Data extract:
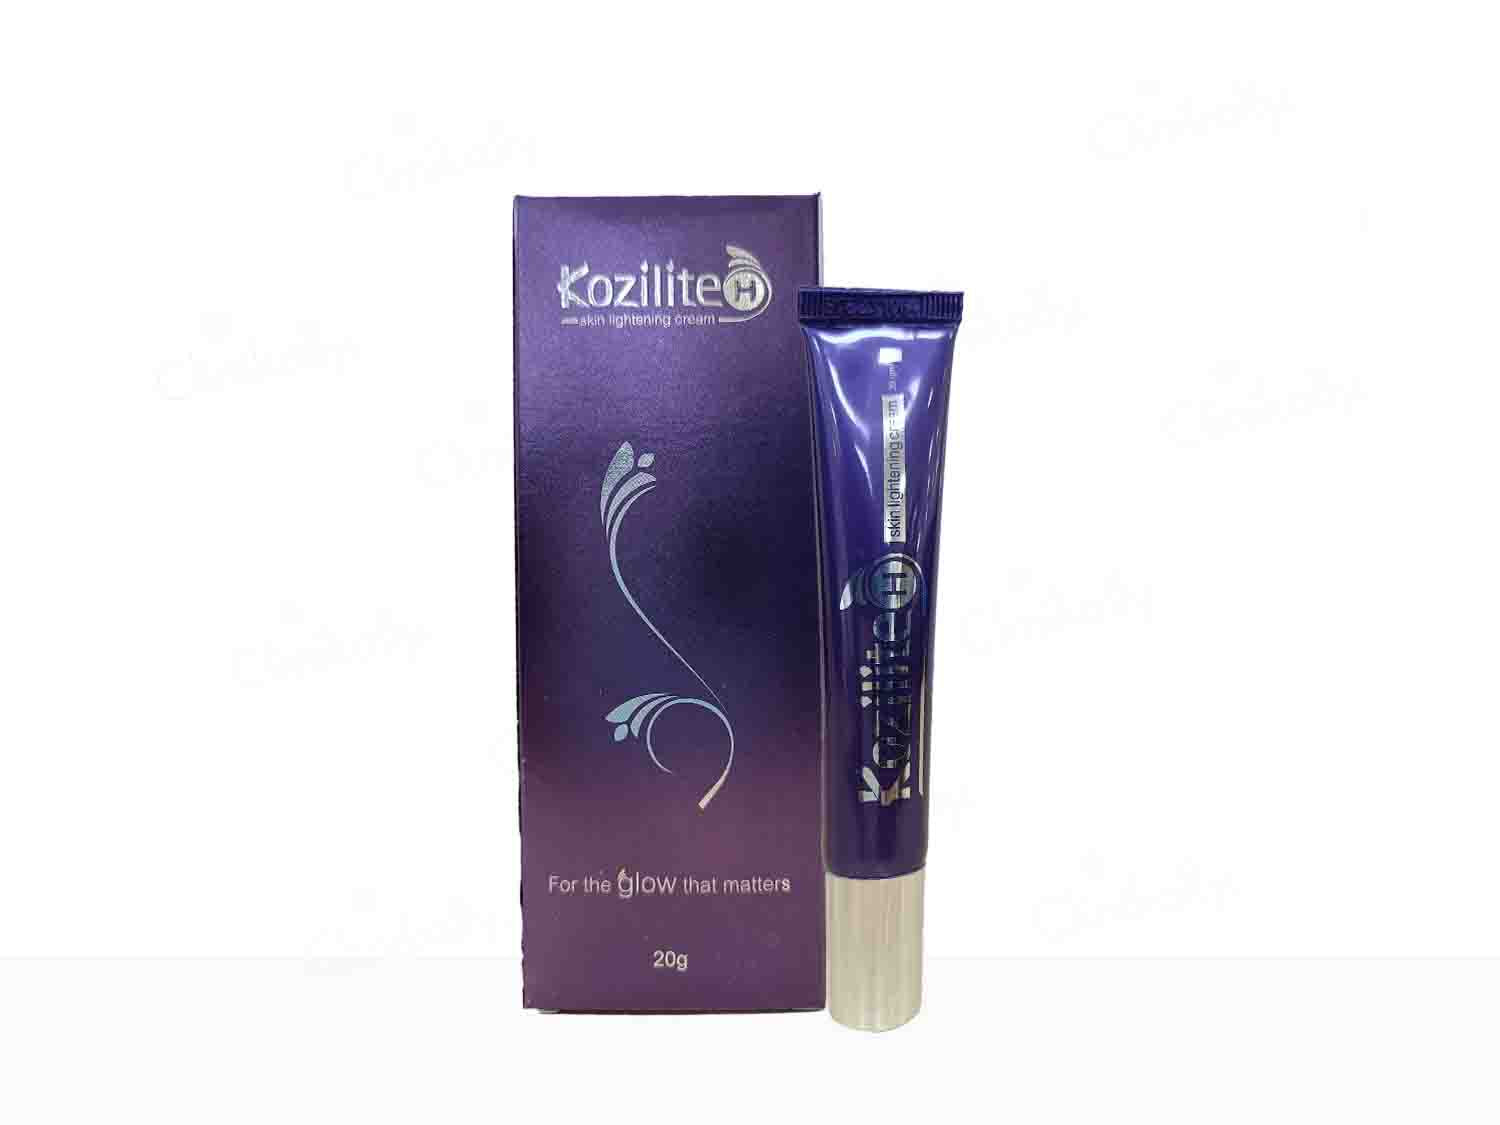 Kozilite-H Skin Lightening Cream
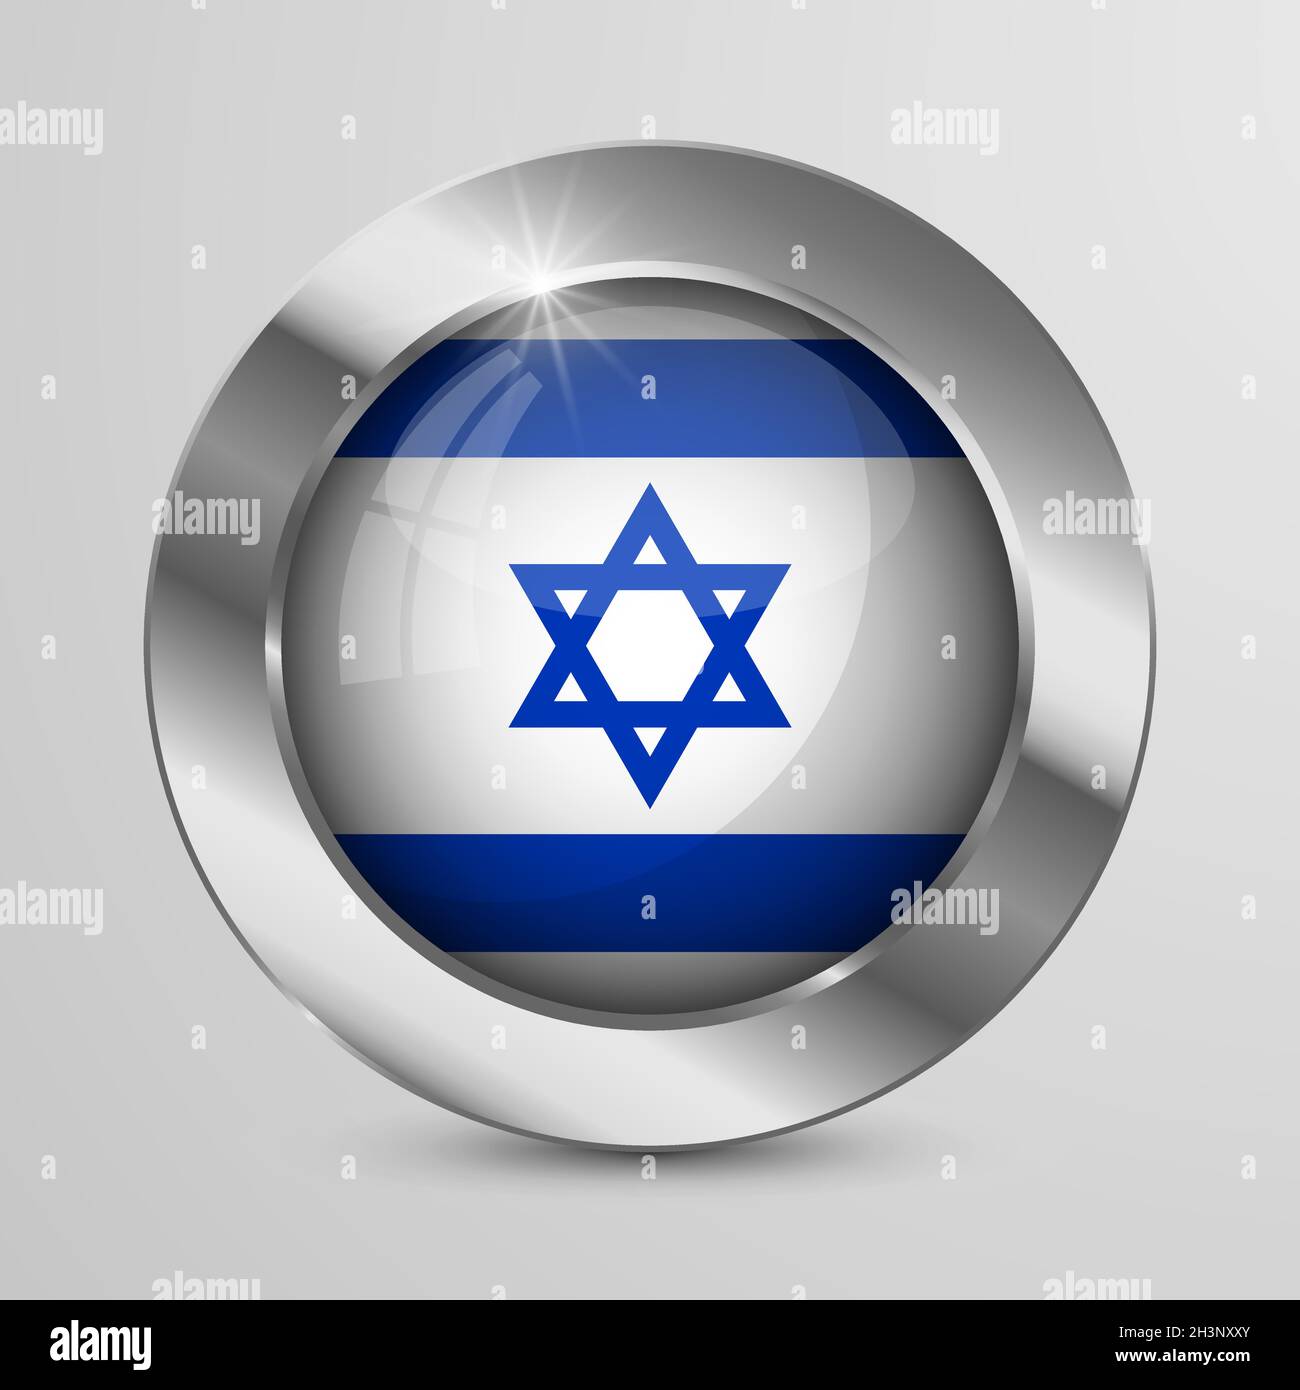 EPS10 Vector Patriotic-Knopf mit Israel-Flaggen-Farben. Ein Element der Wirkung für die Verwendung, die Sie daraus machen möchten. Stock Vektor
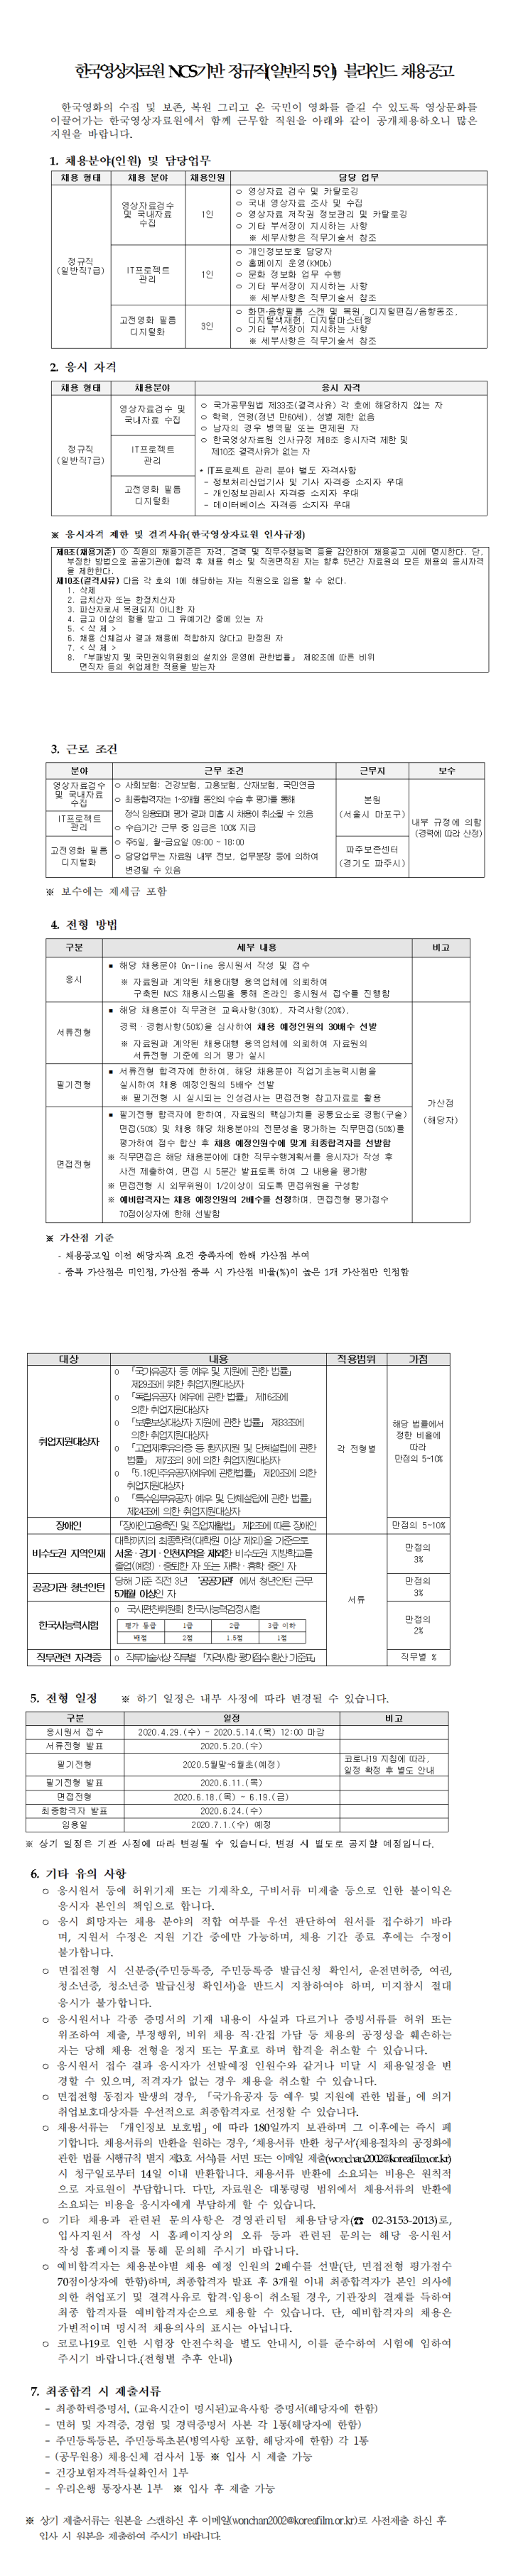 [채용][한국영상자료원] NCS기반 정규직(일반직 5인) 블라인드 채용공고
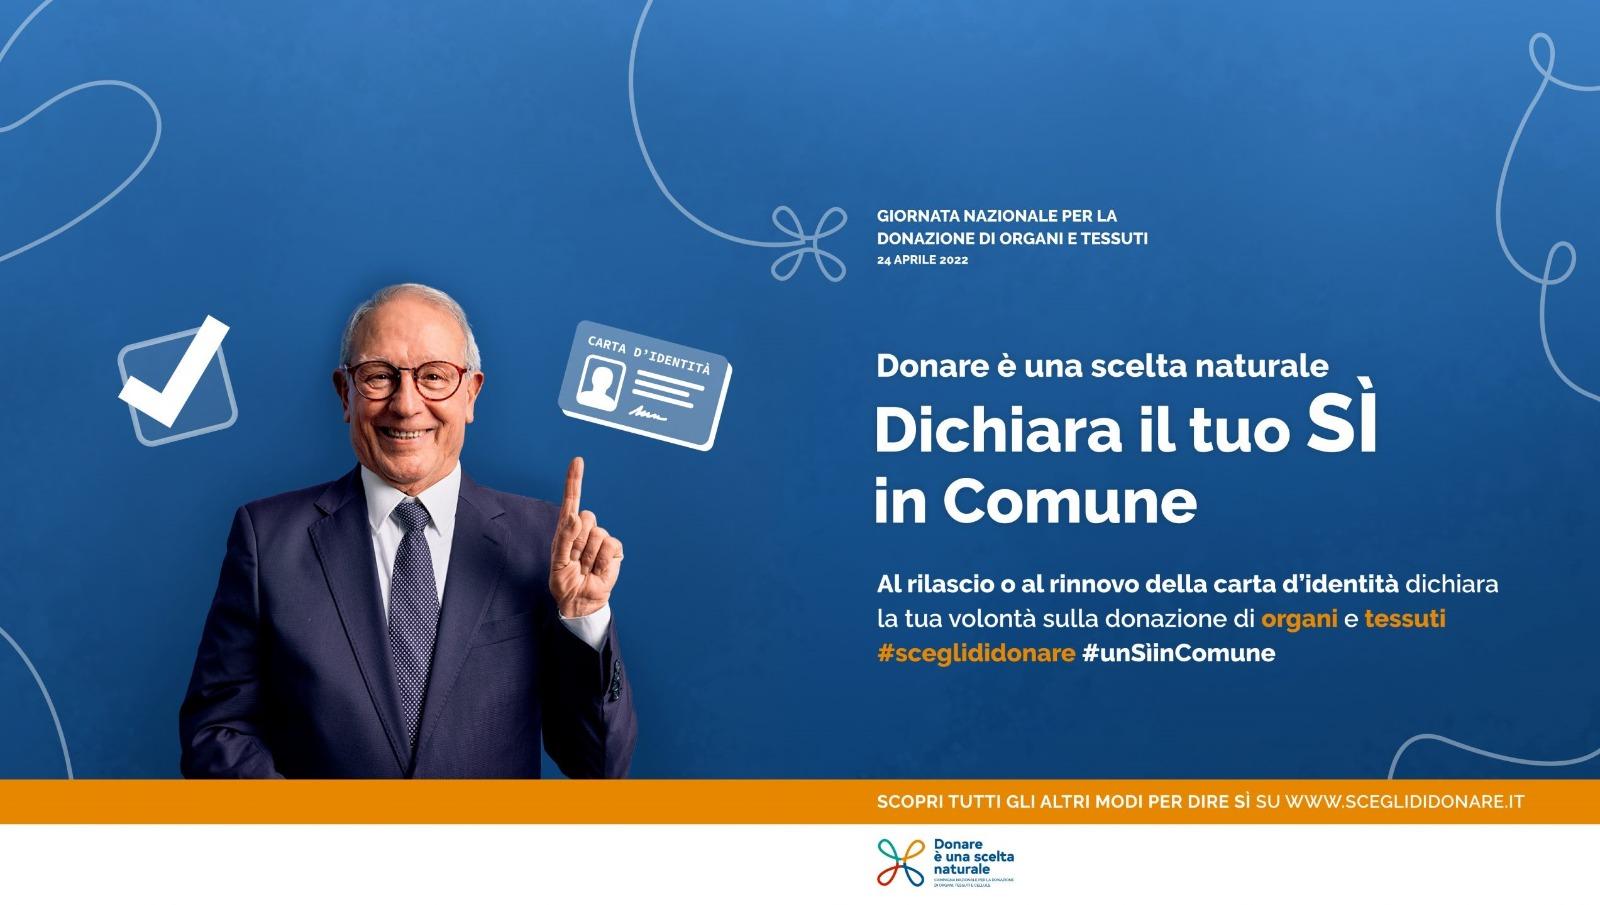 La sindaca di Ancona testimonial in favore della donazione di organi
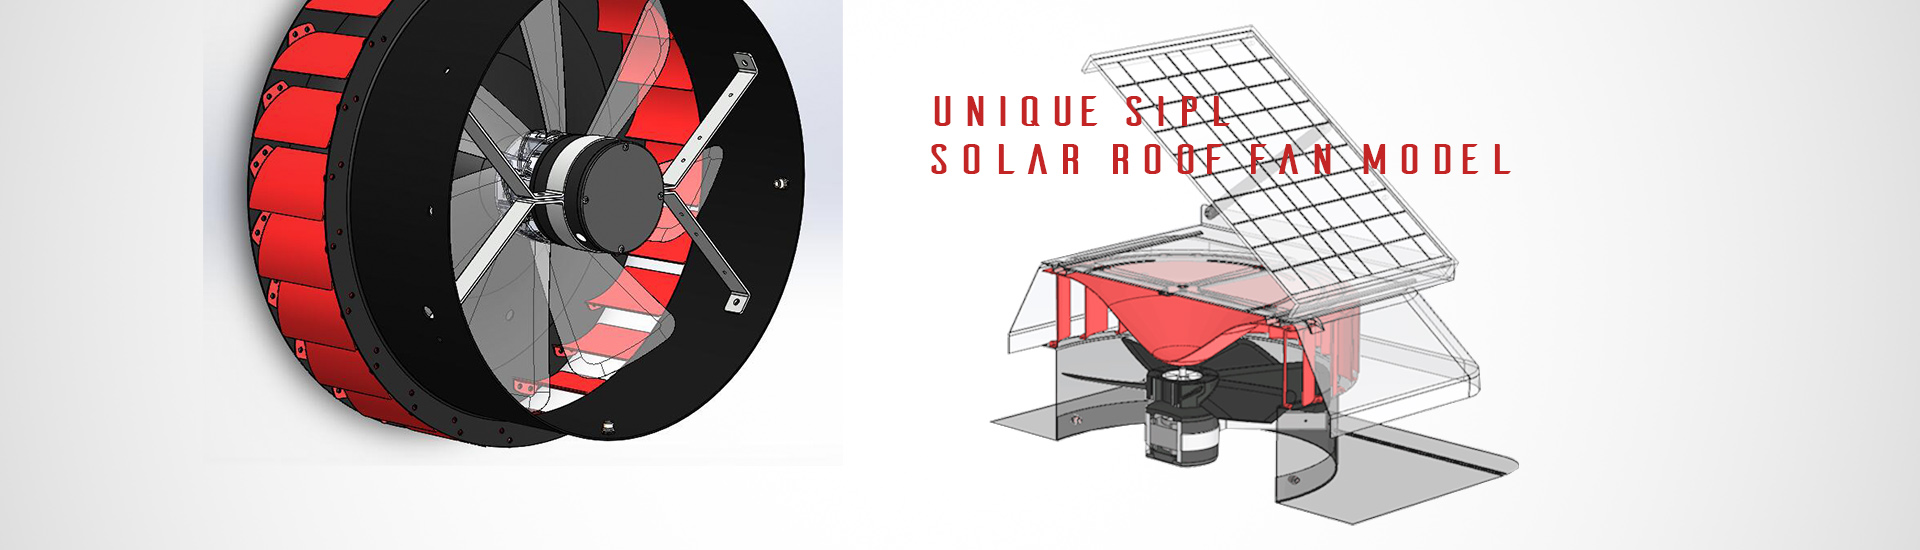 Solar Roof Fan

Task instructions: Exactly the lines from the one holding "La sindaca di" through the last line of the entries, both included, are to be duplicated; leave the pictures out.

Task result:
 La sindaca di Ancona testimonial in favore della donazione di organi
 Solar Roof Fan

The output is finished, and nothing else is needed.